Истина масок или Упадок лжи — страница 34 из 55

Французская актриса m-lle Марс категорически отказалась на первом представлении «Эрнани» называть своего возлюбленного: «Mon Lion», если ей не будет позволено носить маленькую, модную шляпку парижских бульваров; а многие современные молодые актрисы надевают жесткие, накрахмаленные юбки под греческие одежды, совершенно разрушая этим изящество линий и складок; понятно, такие злоупотребления не должны иметь места. Должно быть больше репетиций в костюмах, чем бывает теперь. Такие актеры, как Форбс-Робертсон, Конвей, Джордж Александр и другие, не говоря уже о более старых артистах, умеют изящно и легко двигаться на сцене в костюме любой эпохи; но есть много таких актеров, которые, по-видимому, не знают, куда девать руки, когда у них нет кармана; они носят всякое платье, как будто бы это костюм. Правда, костюмы должны быть костюмами для рисовальщика; но они всегда — платье для носящего их. Уже время положить конец господствующему на сцене мнению, что греки и римляне ходили всегда на открытом воздухе без головного покрова. Это заблуждение, в которое не впадали режиссеры Елизаветинской эпохи, так как они своим римским сенаторам давали капюшоны к их тогам.

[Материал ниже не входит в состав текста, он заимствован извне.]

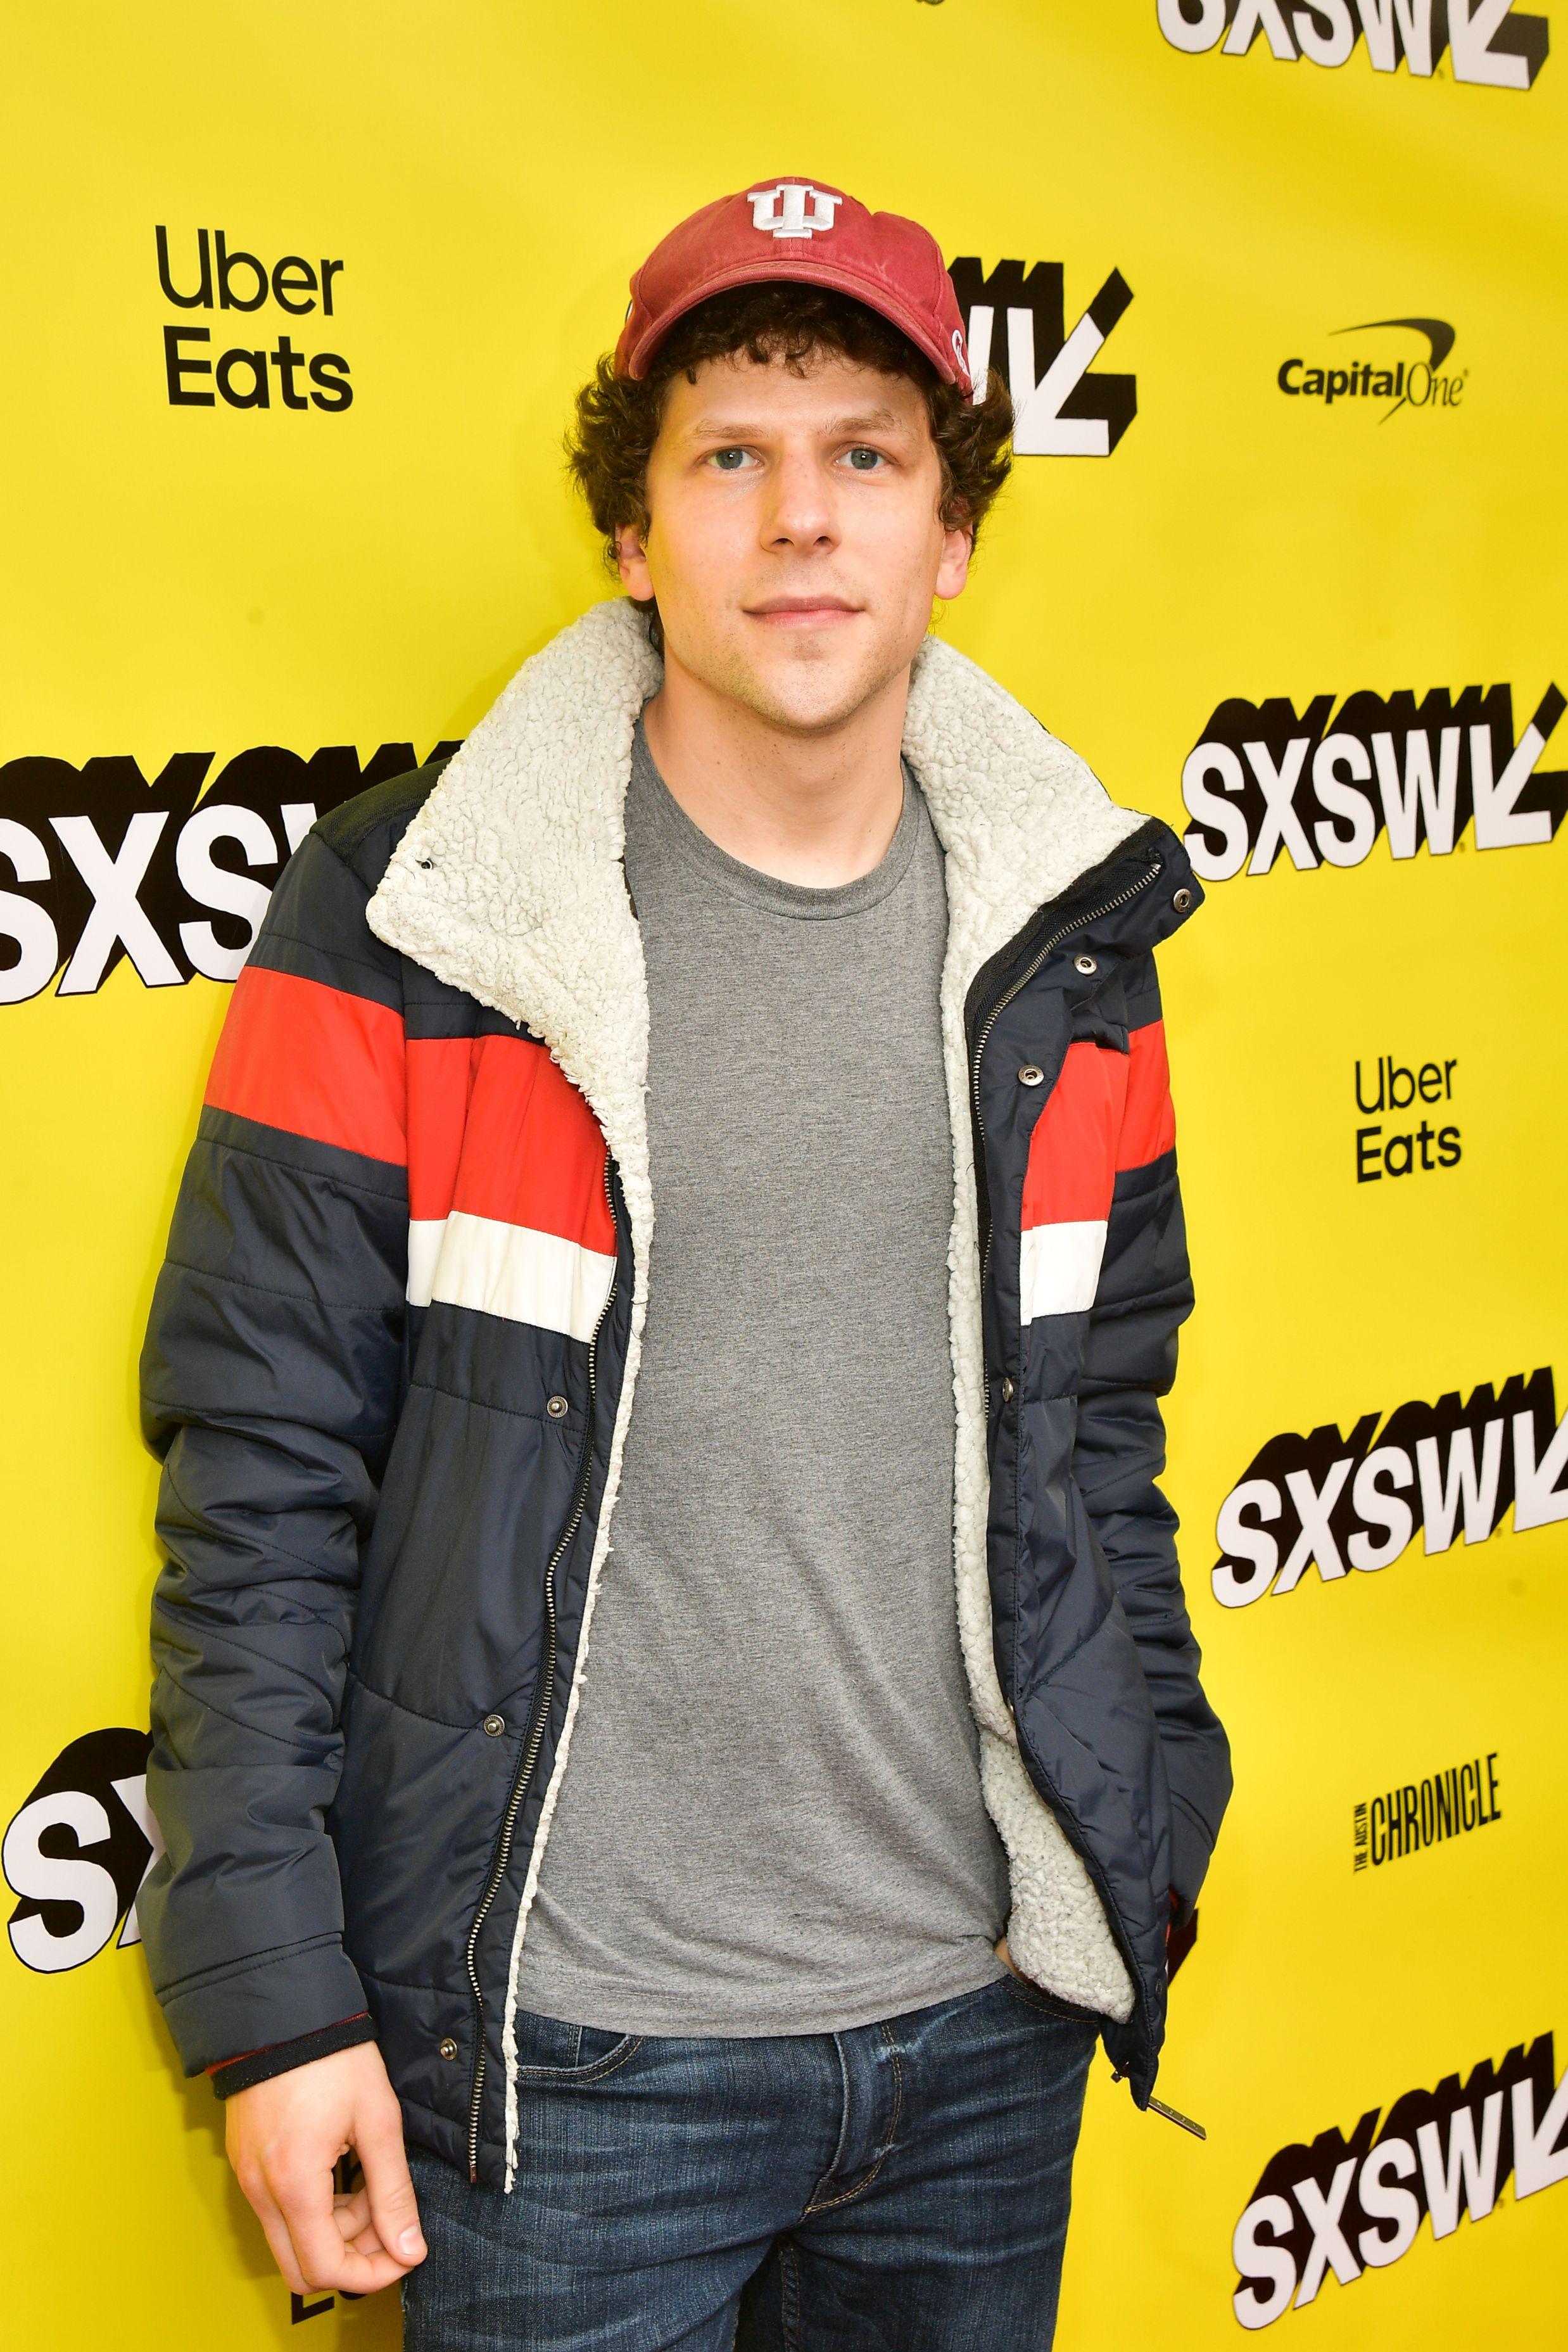 Jesse Eisenberg Attends The The Art Of Self Defense Premiere 2019 SXSW Conference And Festivals At Paramount Theatre On March 2019 In Austin, Texas. Image. SXSW Conference & Festivals Art Of Self Defense Movie Wallpaper

Увеличение числа репетиций в костюмах дало бы возможность объяснить актерам, что форма жестикуляции и движений не только принадлежит каждому отдельному стилю одежды, но и вполне зависит от него. Например, странная жестикуляция руками в XVIII столетии явилась необходимым результатом широких фижм, а торжественная важность Бэрлея столько же зависит от его брыжей, сколько и от его рассуждений. Кроме того, актер не чувствует себя в роли, пока он не овладевает способностью непринужденно носить свой костюм.

Я не буду здесь говорить о том, насколько красота костюмов влияет на создание художественного темперамента в зрителях и на развитие того наслаждения красотой ради самой красоты, без которого нельзя понимать великие шедевры искусства, хотя не могу не напомнить, как Шекспир ценил эту сторону вопроса в постановке своих трагедий при искусственном освещении, в театре, задрапированном черными сукнами. Я хотел только сказать, что археология — отнюдь не метод педанта; это лишь способ для достижения сценической иллюзии, и костюм является средством для передачи характера действующего лица без помощи многословных описаний и для создания драматических эффектов ситуации. Мне очень жаль, что многие критики не прекращают своих нападок на одно из самых важных исканий современной сцены, прежде чем эти искания не достигли совершенства. Что они его достигнут, в это я верю так же, как и в то, что в будущем мы потребуем от драматических критиков большего, чем теперь. Нам будет недостаточно, что они помнят Макриди или видели Бенджамина Уэбстера; мы будем требовать от них, чтобы они учились понимать красоту. Pour être plus difficile, la tâche n’en est quo plus glorieuse[162]. И если они не будут помогать, то не будут и препятствовать тому движению, которому способствовал Шекспир больше всех драматургов, ибо его метод — это иллюзии правды, а иллюзия красоты — ее результат.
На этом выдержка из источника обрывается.